Soundtrack album by Various artists
- Released: October 1982
- Genres: New wave, rock
- Length: 36:50
- Label: A&M

= Brimstone & Treacle (soundtrack) =

Brimstone & Treacle is the soundtrack for the 1982 film adaptation of the play Brimstone and Treacle directed by Richard Loncraine and starring Denholm Elliott, Joan Plowright and Sting. Sting and the Police wrote most of the original material on the album. The rest of the soundtrack was made of songs by other acts signed to A&M like The Go-Go's and Squeeze and a couple of traditional songs performed by the Finchley Children's Music Group and the ad-hoc formed Brimstone Chorale.

The Police's "I Burn for You" is a song Sting originally wrote for the band Last Exit in the mid-1970s; he later offered it to the Police for Zenyatta Mondatta in 1980, but it was deemed "too sentimental" for their musical direction.

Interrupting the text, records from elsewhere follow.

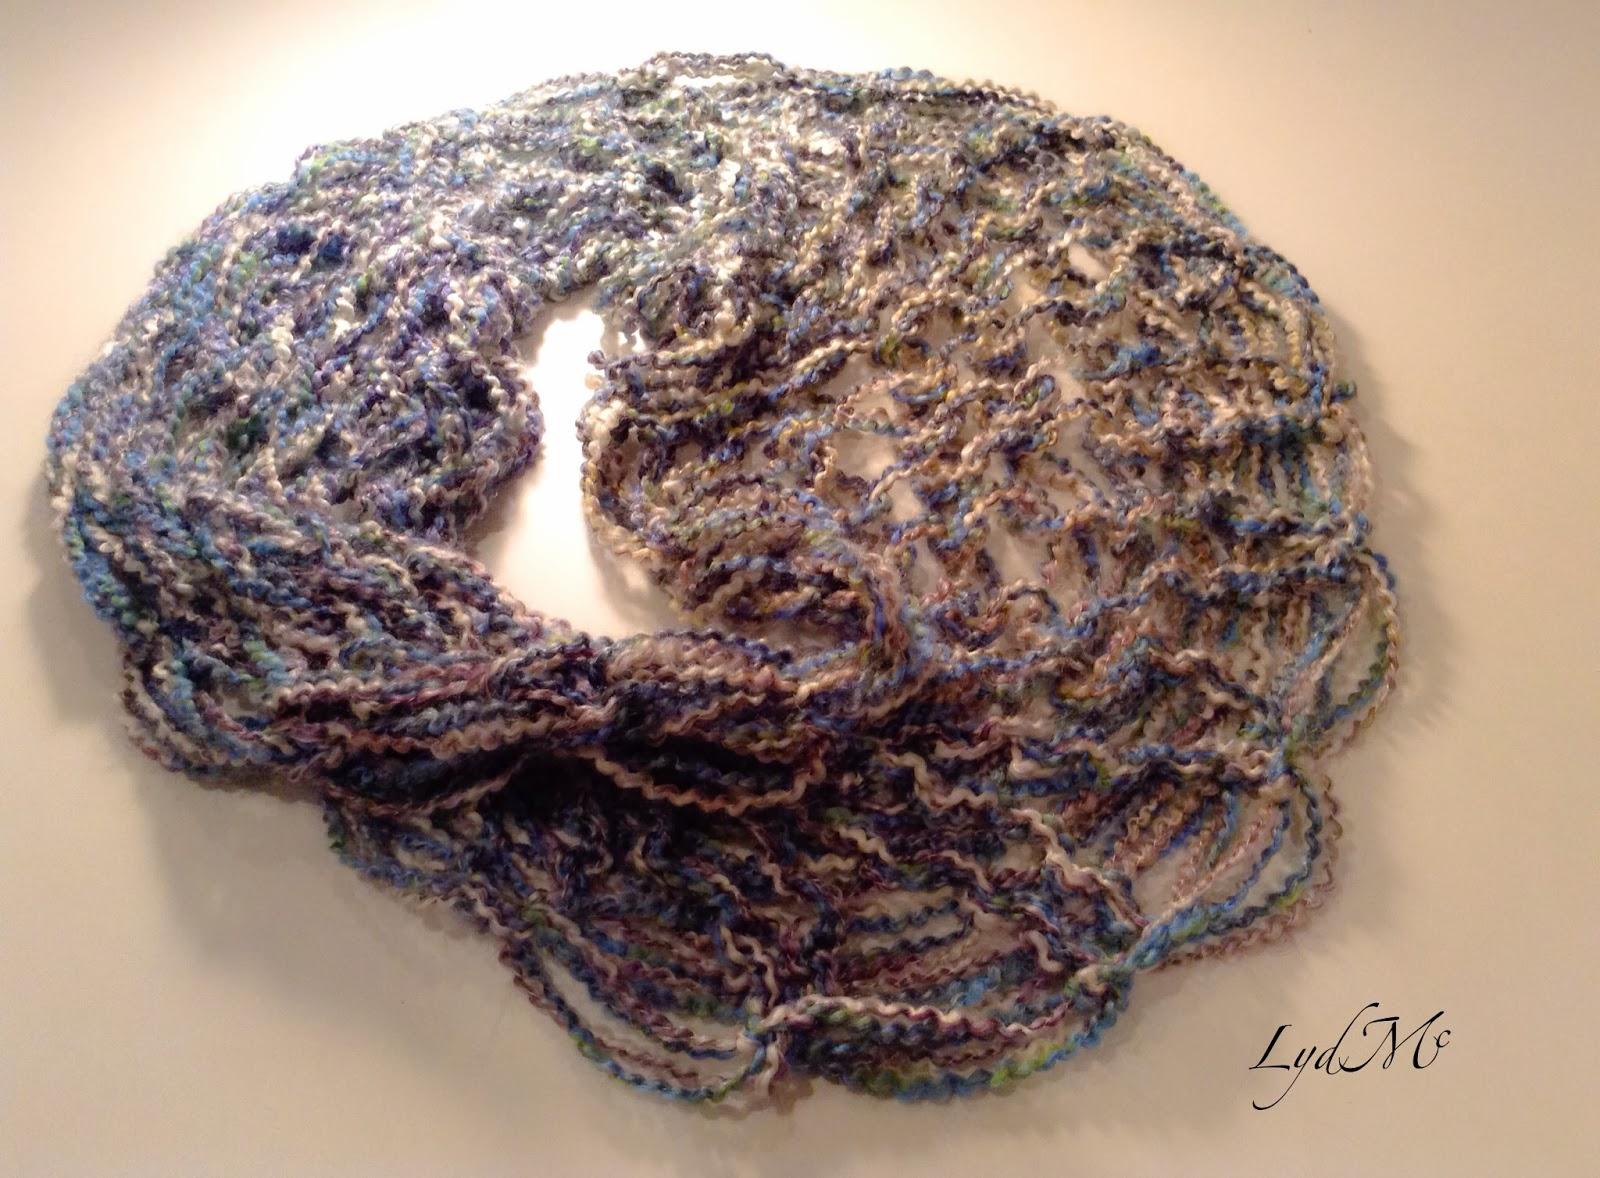 LydMc: Arm Knitting: The Literally Handmade Moebius Scarf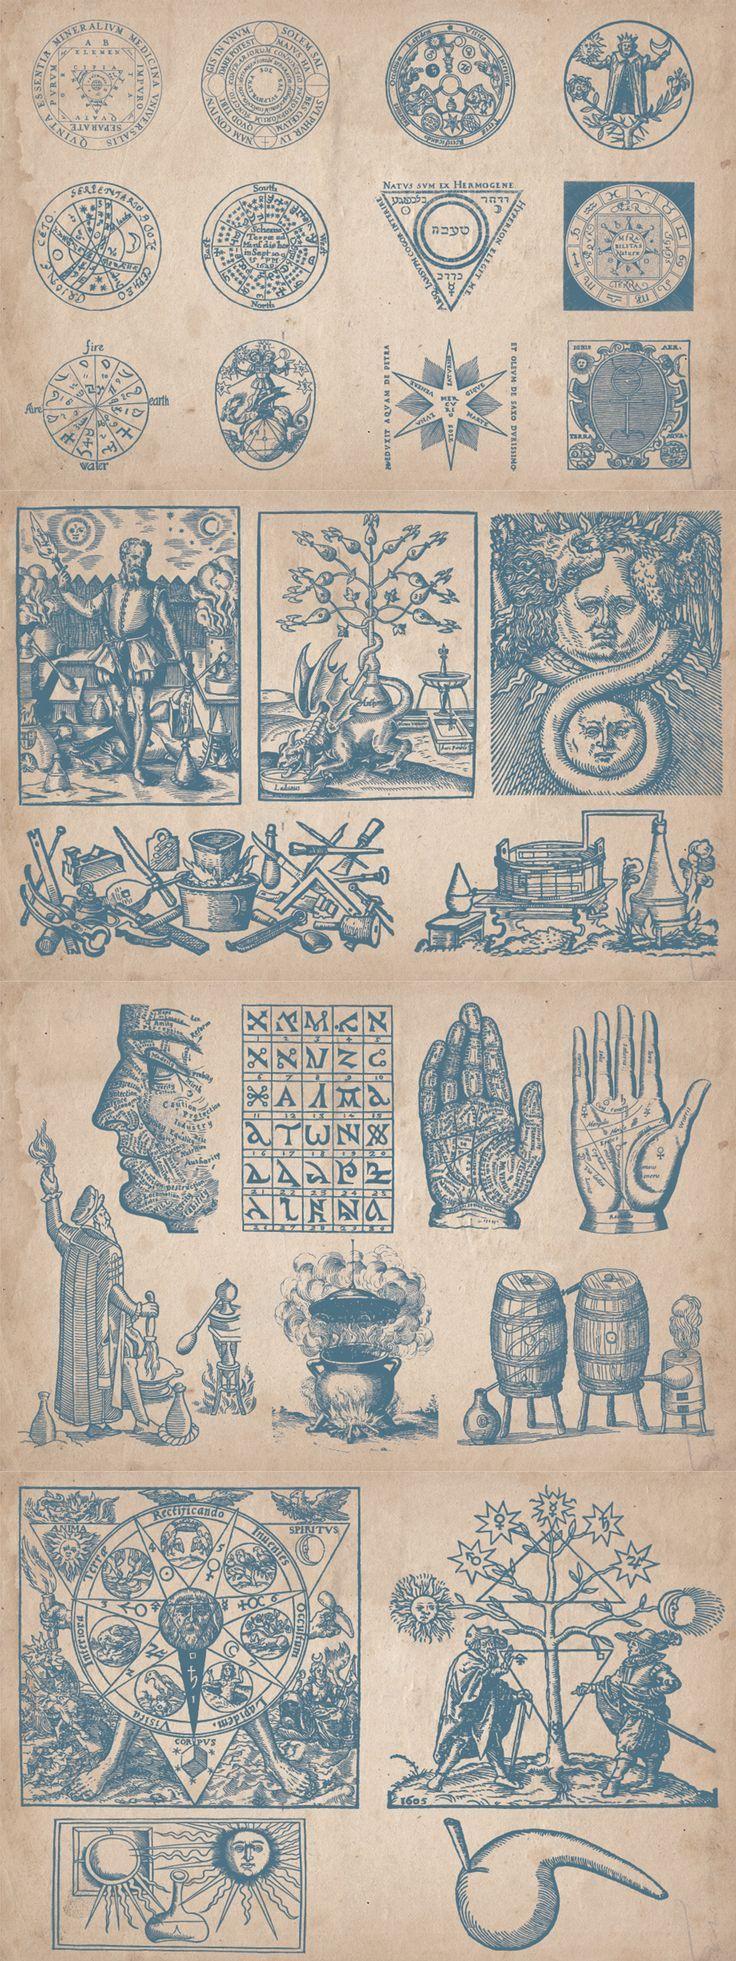 Vintage Alchemy Illustrations - https://www.designcuts.com/product/vintage-alchemy-illustrations/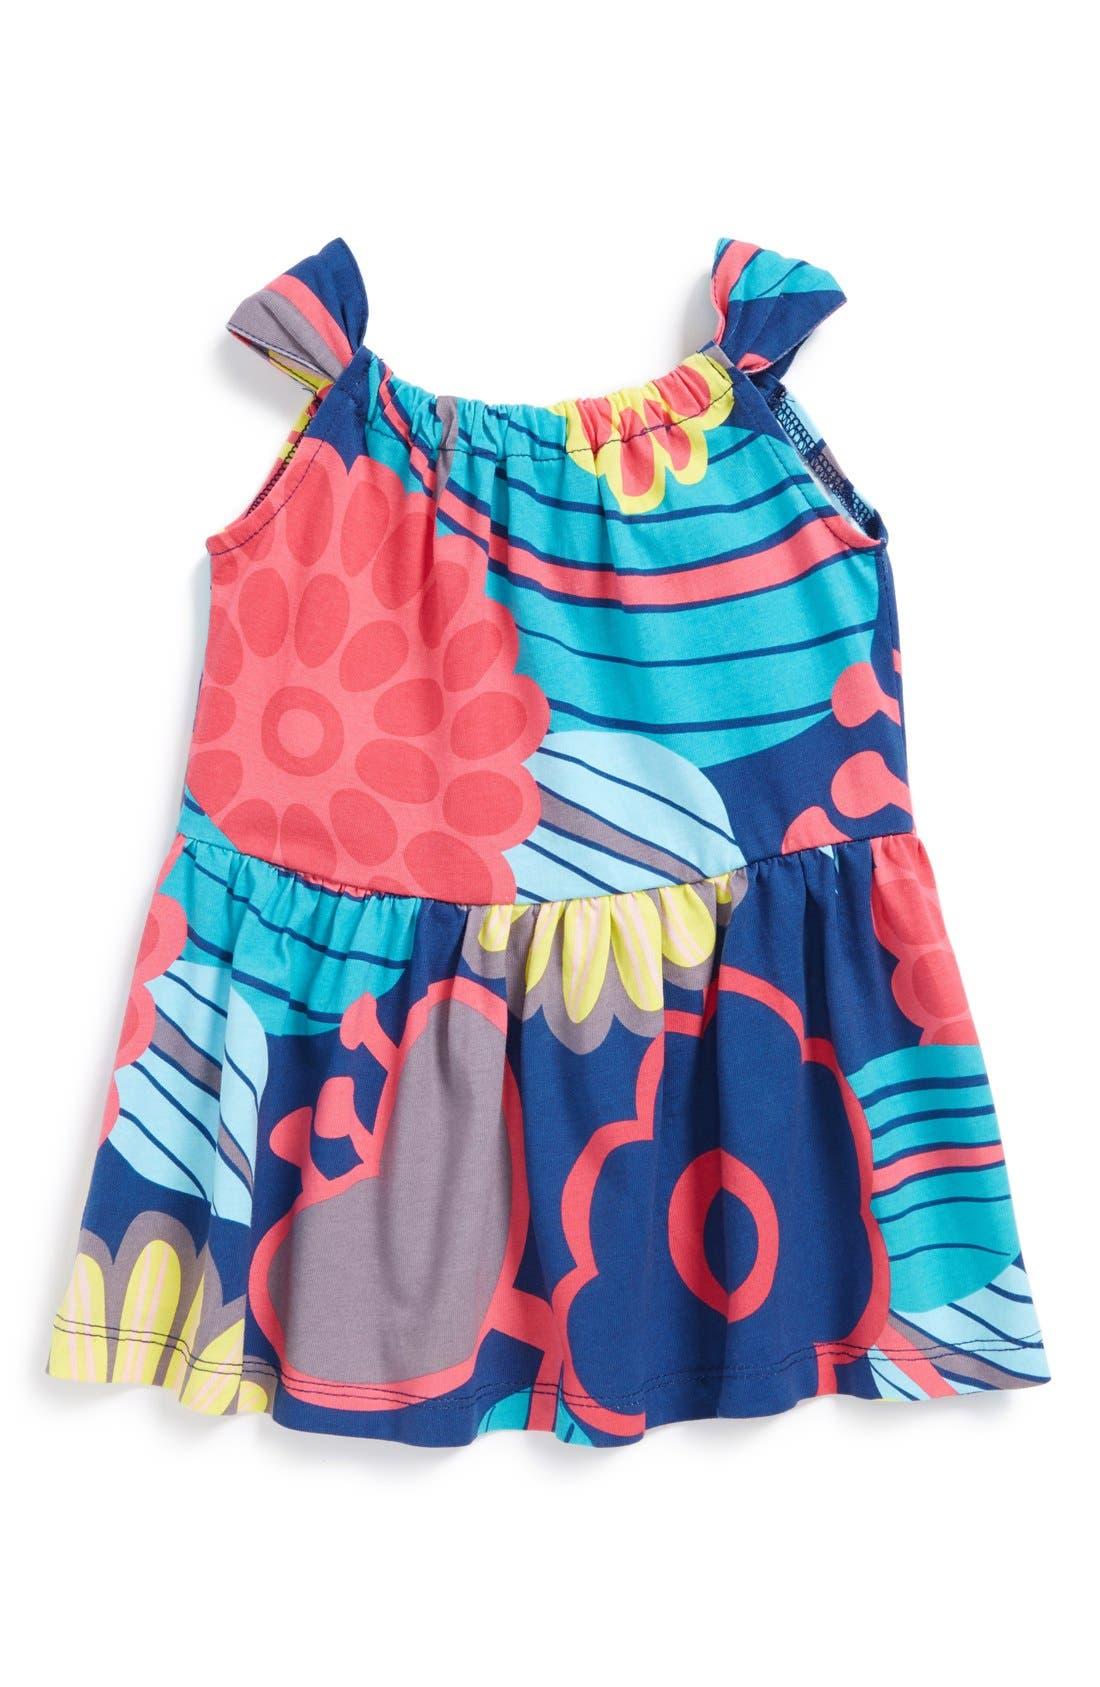 Main Image - Tea Collection 'Mod Gypsy' Twirl Top (Baby Girls)

Sting gave the song to the British dance troupe Hot Gossip who recorded their own version in 1981. The band eventually chose to record "I Burn for You" for their fourth album Ghost In The Machine the following year, but it did not make the cut. Stewart Copeland's roadie Jeff Seitz played drums on Sting's "Only You" while the voice of actress Suzanna Hamilton can be heard on the Police's "A Kind of Loving". Words from the original play by Dennis Potter form the lyrics of "Narration".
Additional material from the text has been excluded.